▸ **Work to complete**: From the data below, return only the lines from the one with "Proud Member of" through the one with "Delicious display of veggies and fresh tuna", exact and inclusive, with pictures left out.

▸ **Available records**:
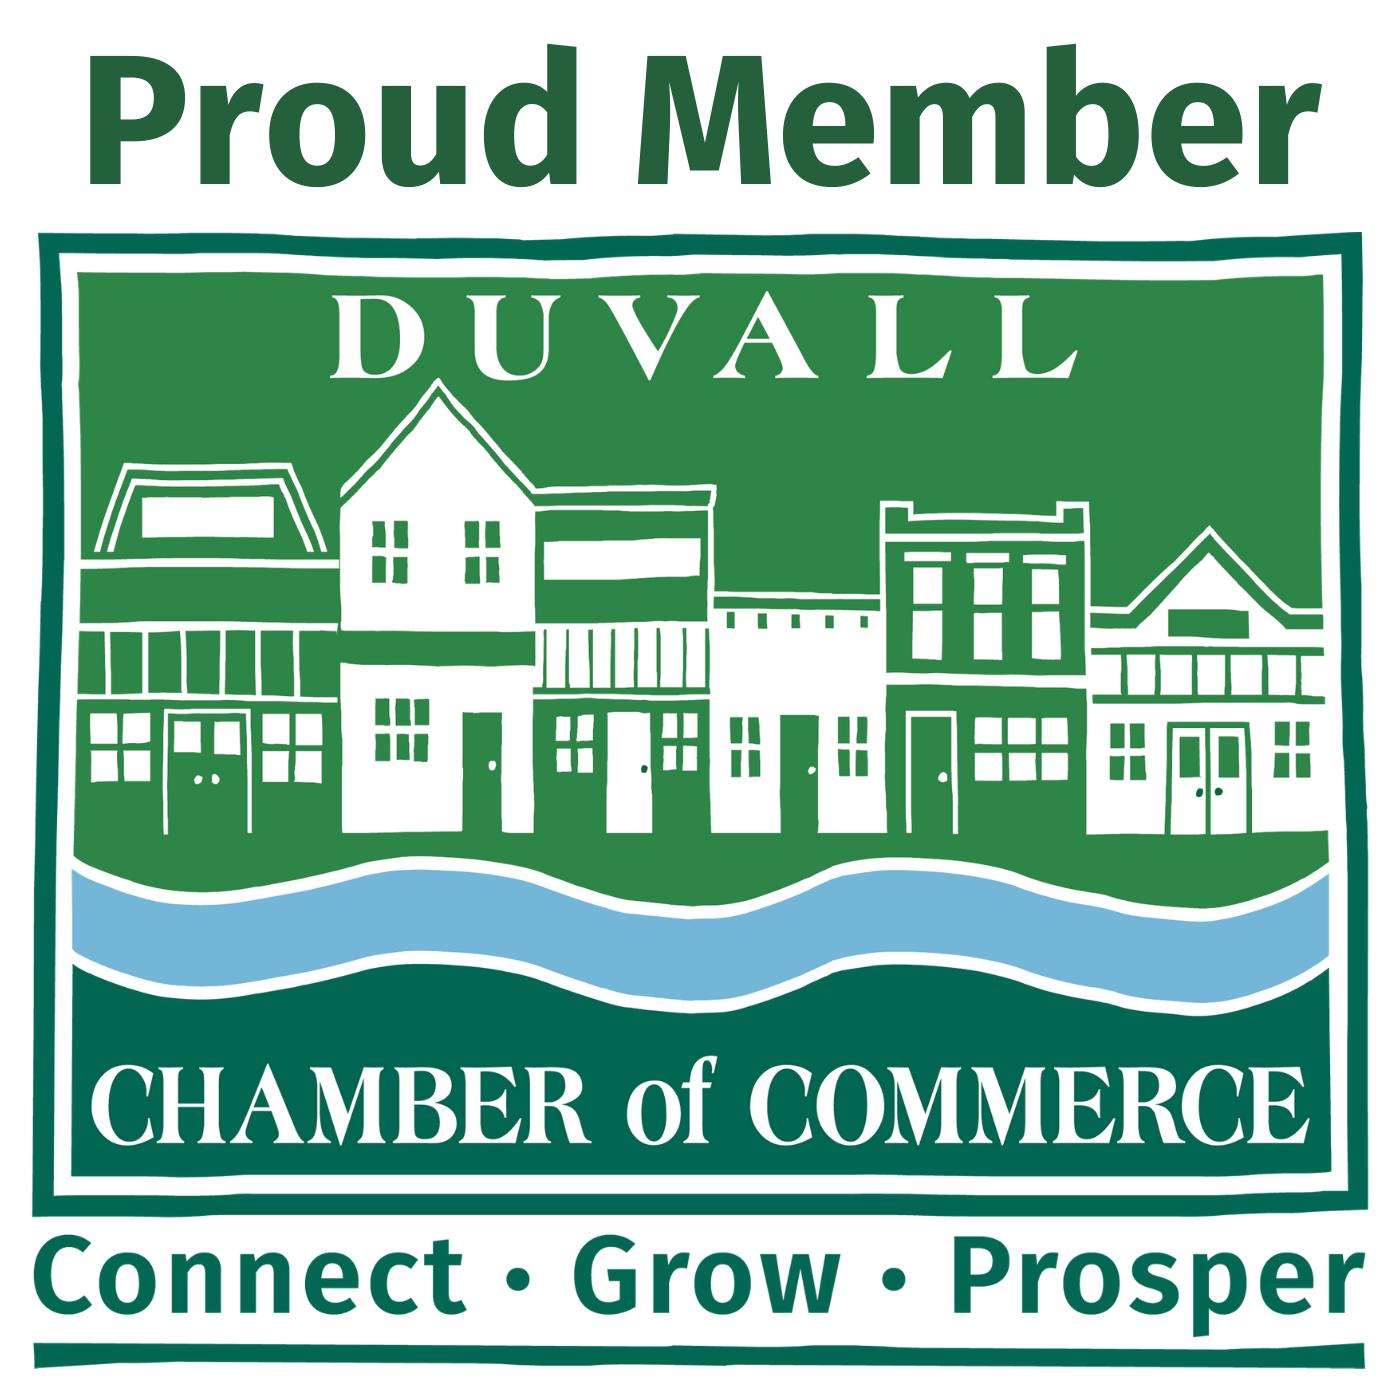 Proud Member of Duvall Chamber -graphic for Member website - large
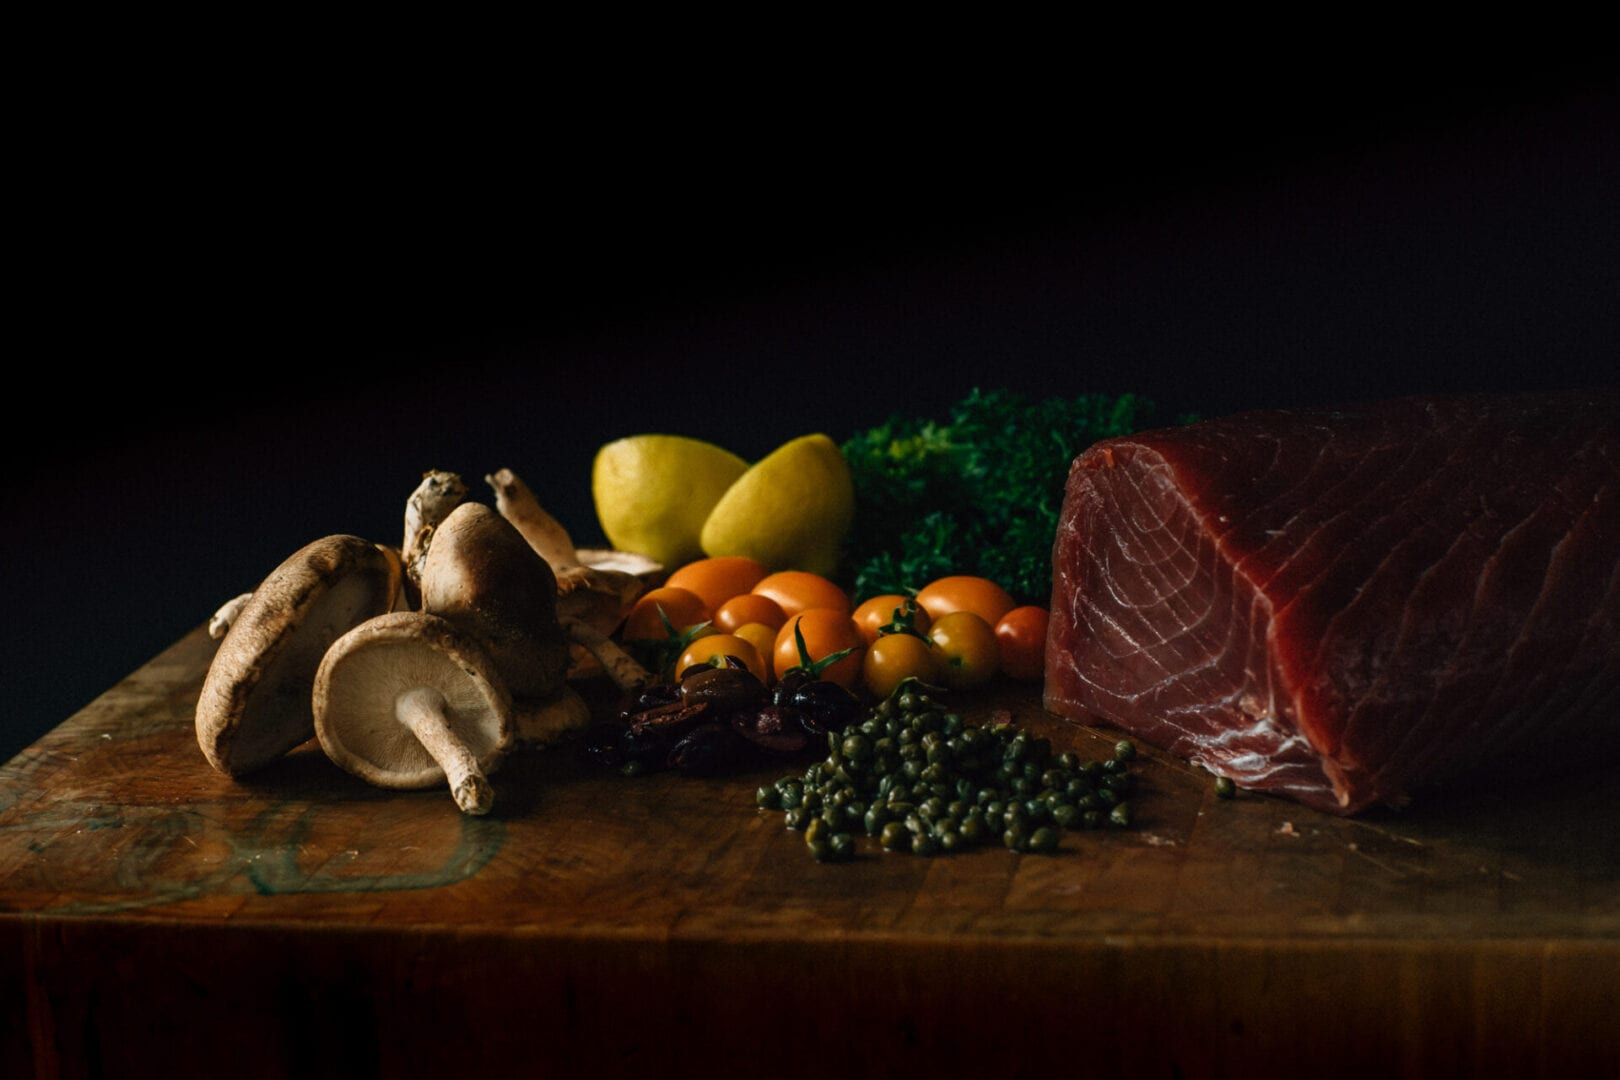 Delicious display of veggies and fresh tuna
* * *
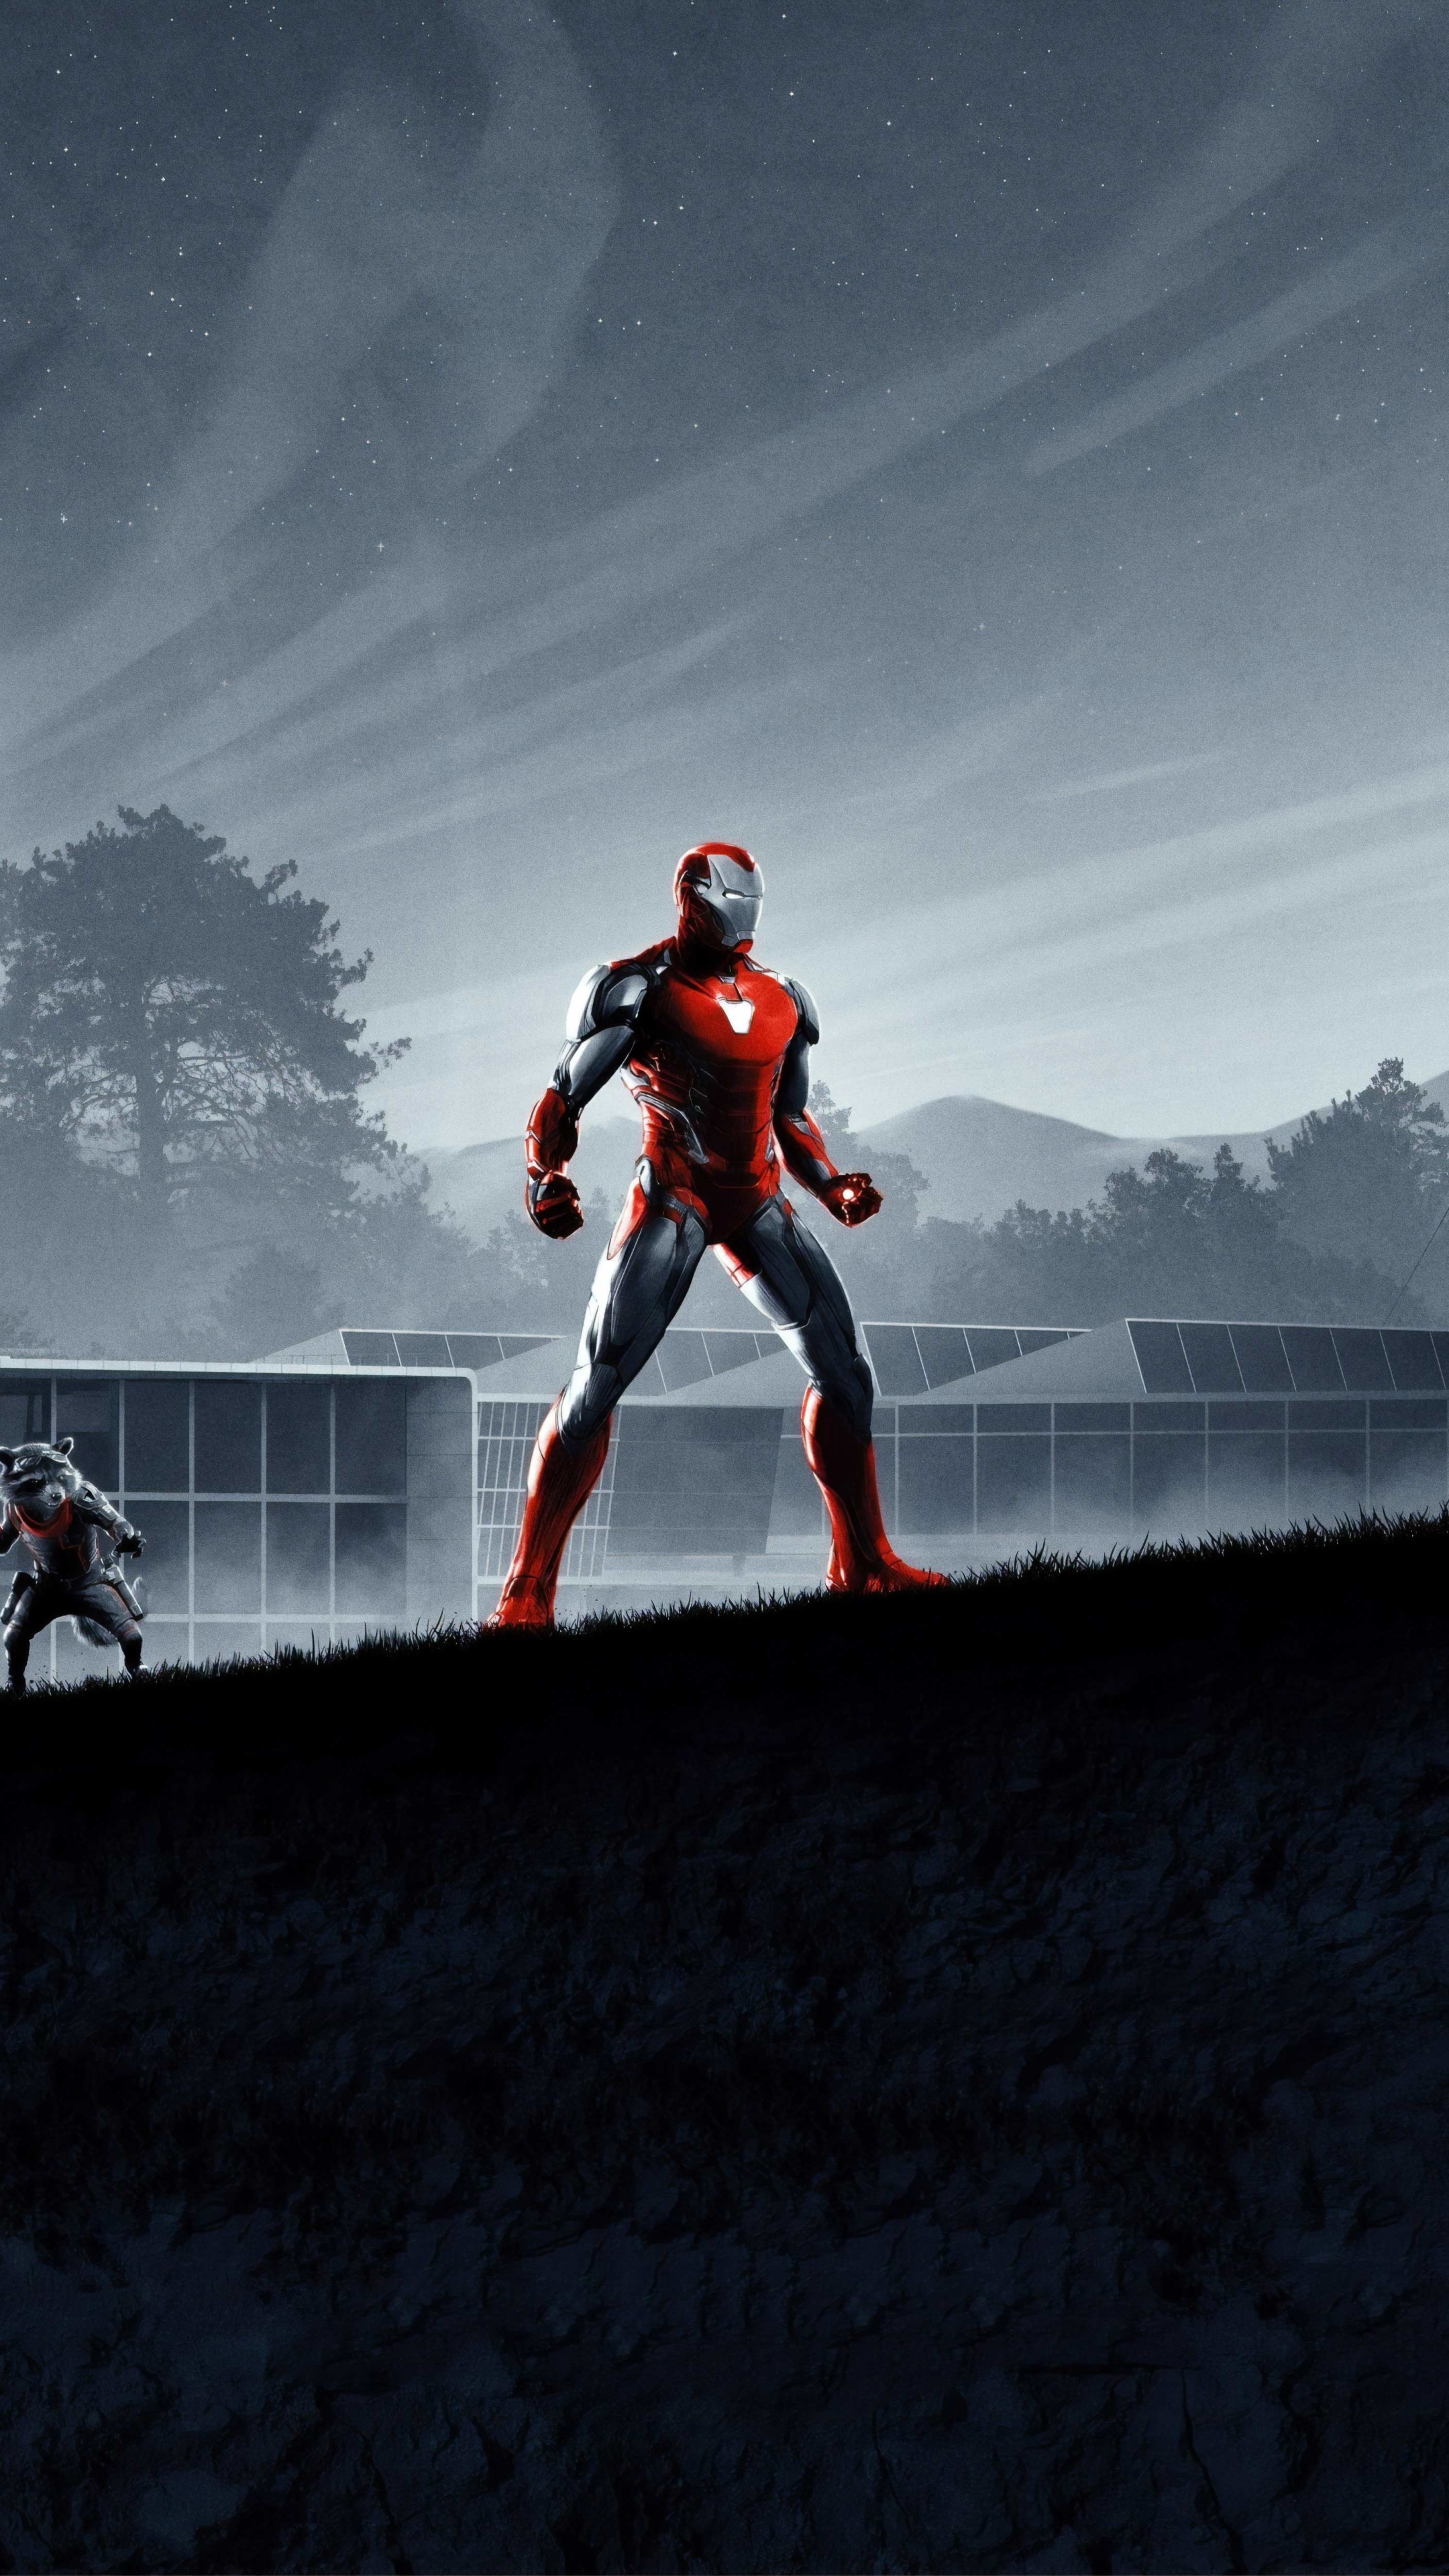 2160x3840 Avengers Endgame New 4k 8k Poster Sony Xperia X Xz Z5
==
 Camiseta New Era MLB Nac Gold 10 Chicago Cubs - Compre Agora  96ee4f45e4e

▸ **Answer to this exercise**:
 Proud Member of Duvall Chamber -graphic for Member website - large
 Delicious display of veggies and fresh tuna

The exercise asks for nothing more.